Deped Memo di Media Sosial Gunakan P1 oleh pembuat rap di Scribd

Deped Memo di Media Sosial Gunakan P2 oleh pembuat rap di Scribd

Kekhawatiran ini muncul karena penekanan DICT terhadap berbagai ancaman siber yang dialami pelajar muda melalui media sosial seperti perundungan siber, pornografi, dan perjudian. Dalam laporannya, Pejabat Teknologi Informasi DICT Jenderal. Macalinao mengatakan bahwa orang tua mengirimkan keluhan tentang guru yang membagikan pekerjaan rumah kepada siswanya melalui media sosial. (BACA: Akun palsu, kenyataan yang dibuat-buat di media sosial)

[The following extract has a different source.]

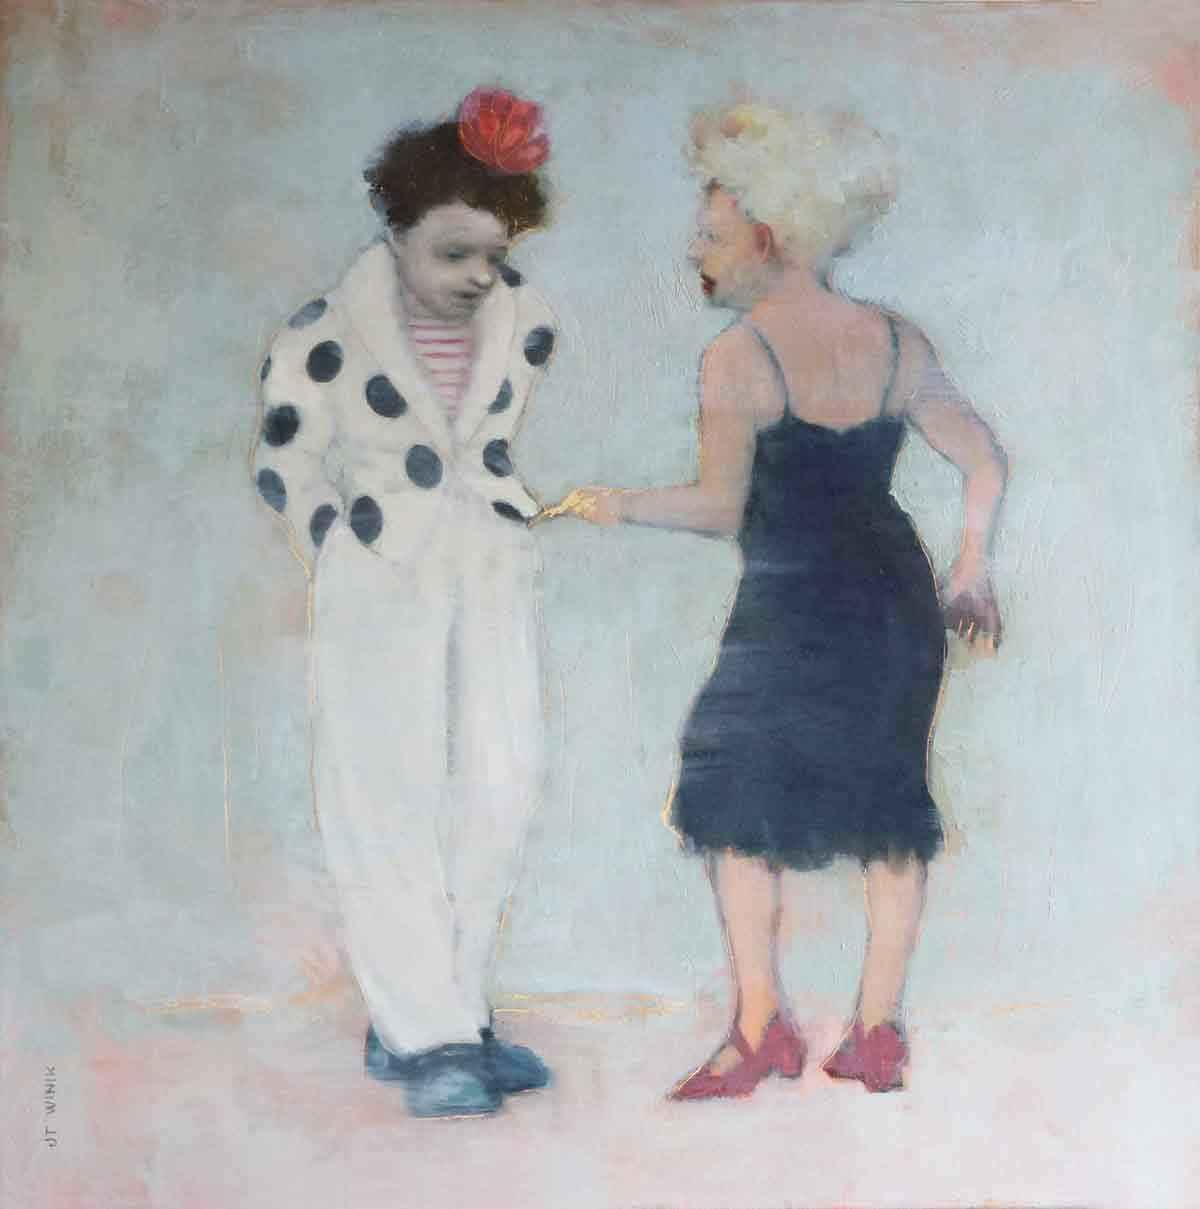 Clown Story I - You!

Meskipun arahan baru ini tentu saja akan dengan mudah diabaikan oleh banyak guru DepEd yang lebih memperhatikan hal-hal yang dianggap lebih konkrit seperti ruang pengajar dan kenaikan gaji, masalah ini mempunyai implikasi serius bagi guru dan sekolah yang memerlukan perhatian besar.

Di seluruh dunia, konsensus belum tercapai mengenai apakah teknologi jejaring sosial memang cocok untuk digunakan sebagai strategi pengajaran. Hal ini terjadi meskipun banyak pakar pendidikan dan media tertarik untuk mempelajari fenomena yang relatif baru ini.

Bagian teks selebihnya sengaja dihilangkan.